Three years ago, Hendy and others carried out a study to see if they could predict the spread of seasonal flu by looking at aggregated location data from mobile phones, to track the movement of people from one DHB area to another.
“On a given day, how many people went from MidCentral to Capital & Coast, for example? And that was enough for us to say something useful about how the flu moved around the country.”
Now, they’re hoping to do the same for Covid-19, but at a suburb-to-suburb level. “We ought to see a big reduction in people moving round… and that’ll start to give us a good handle on how well we’re combating the disease.”
The kitchen table Ground Zero for New Zealand’s Covid-19 modelling isn’t foolproof.
‘First big hiccup’
“I had my first big hiccup this morning when someone from central government emailed me a whole bunch of Excel spreadsheets. My email client crashed and I was out of action for about ten minutes,” Hendy says.

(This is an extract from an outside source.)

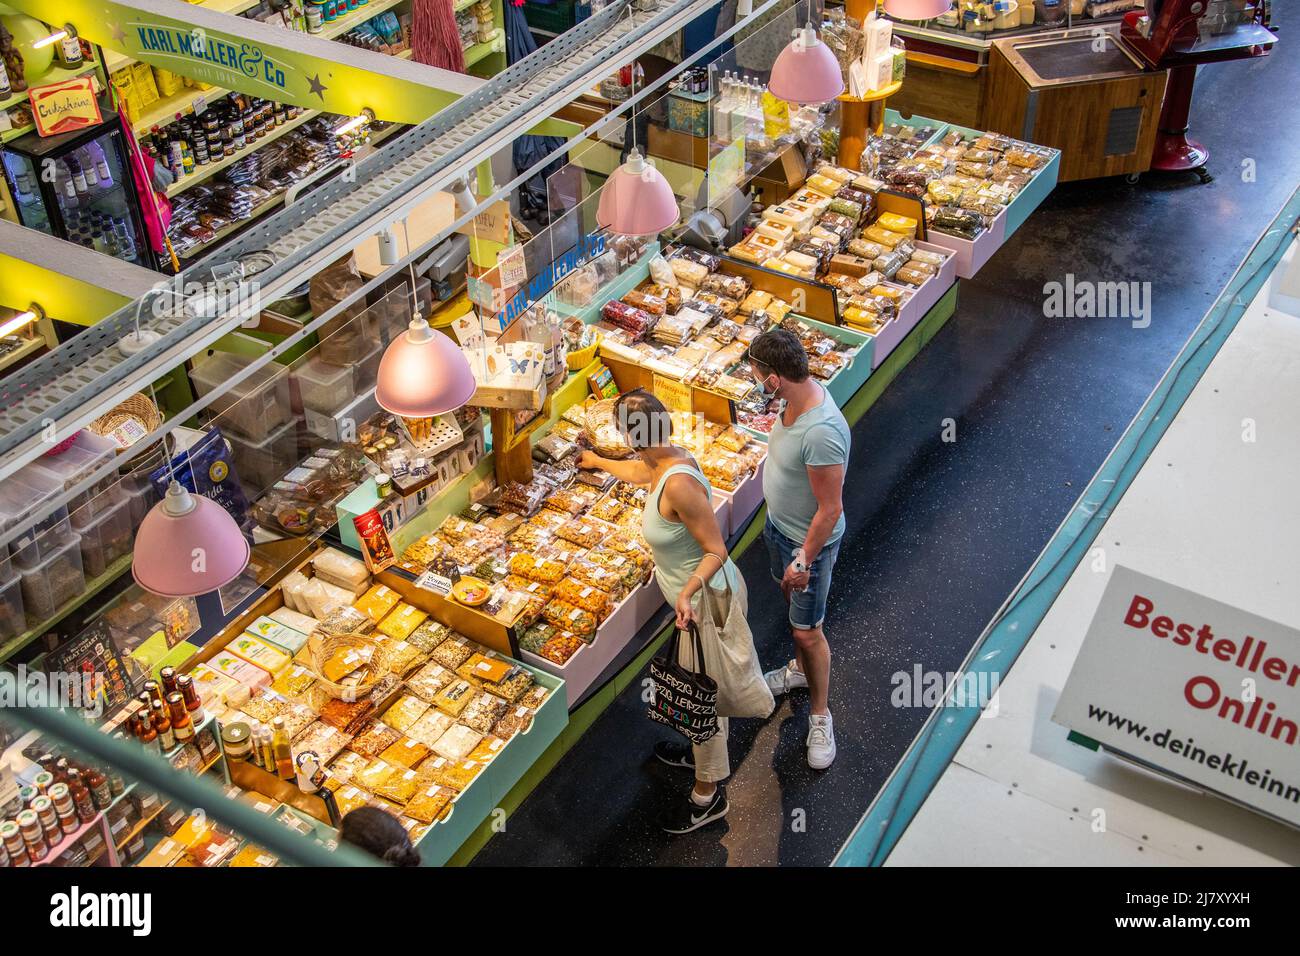 Acquisto di noci a Kleinmarkthalle, mercato indoor, Francoforte, Germania Foto Stock
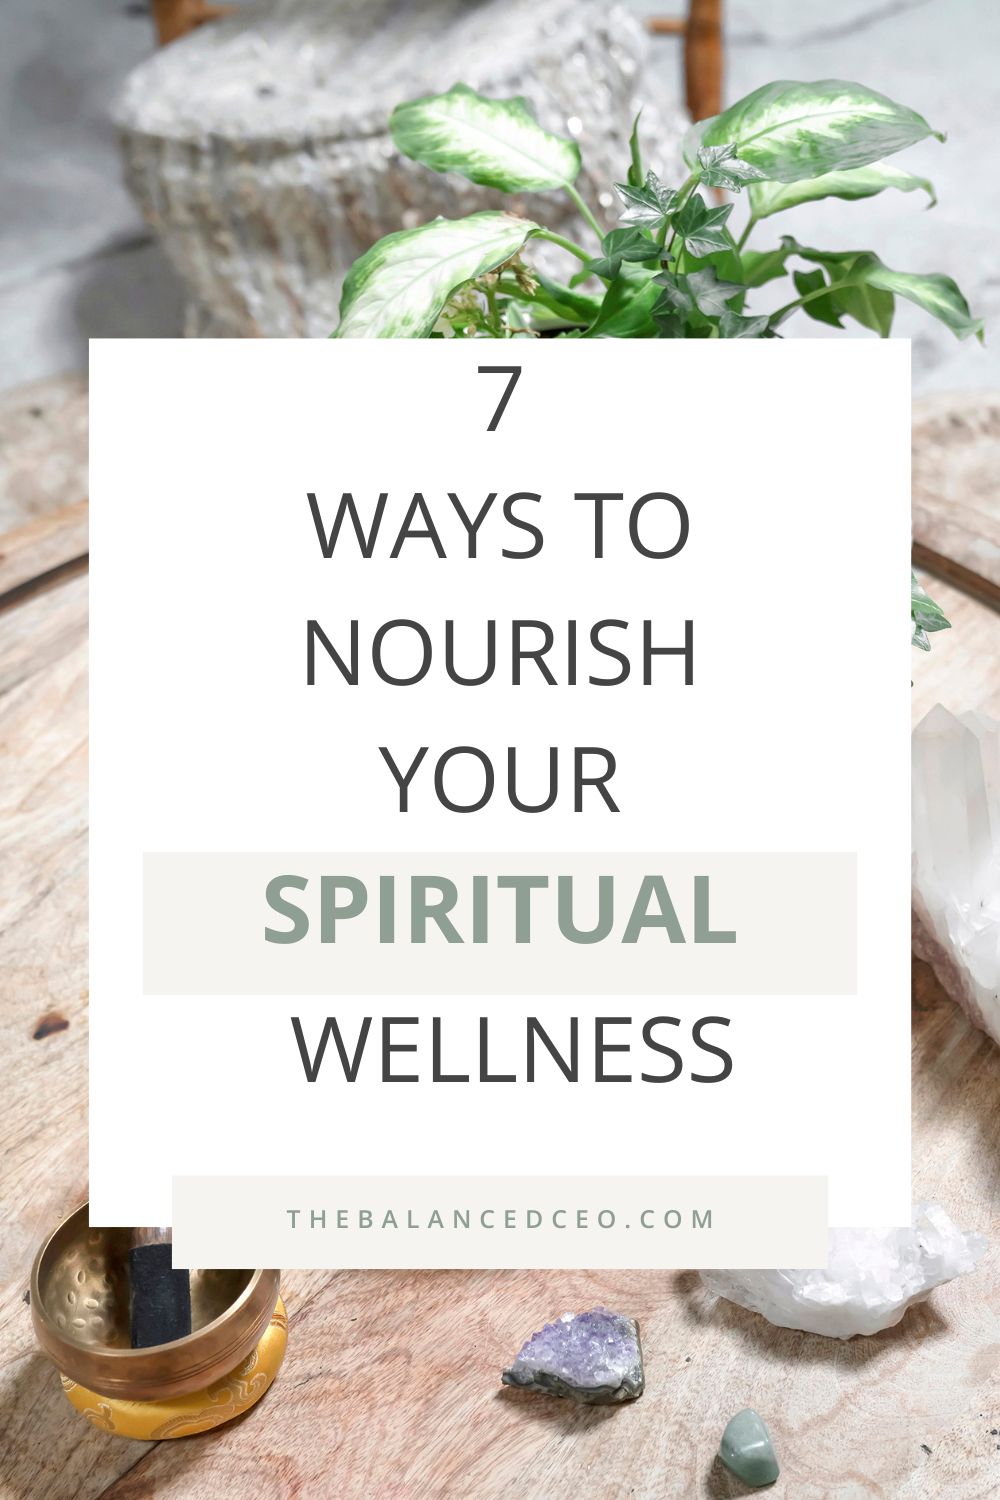 7 Unique Ways to Nourish Your Spiritual Wellness

Mostly things have gone smoothly. They use Zoom, they use Slack, there’s some sharing of code. If they need it, there’s high-performance cloud storage available to them.
“It actually helps that a lot of our people have worked together before…. We’ve got used to working remotely together so you can work quite efficiently.”
For the next little while, though, the model will be “a little bit rudimentary”.
“It’s the first time we’ve ever done anything like this in New Zealand so there’s a lot of guesswork involved,” he says. “Every day we’re rebuilding the engine under the hood.”
This article is republished by the Pacific Media Centre under a partnership agreement with RNZ.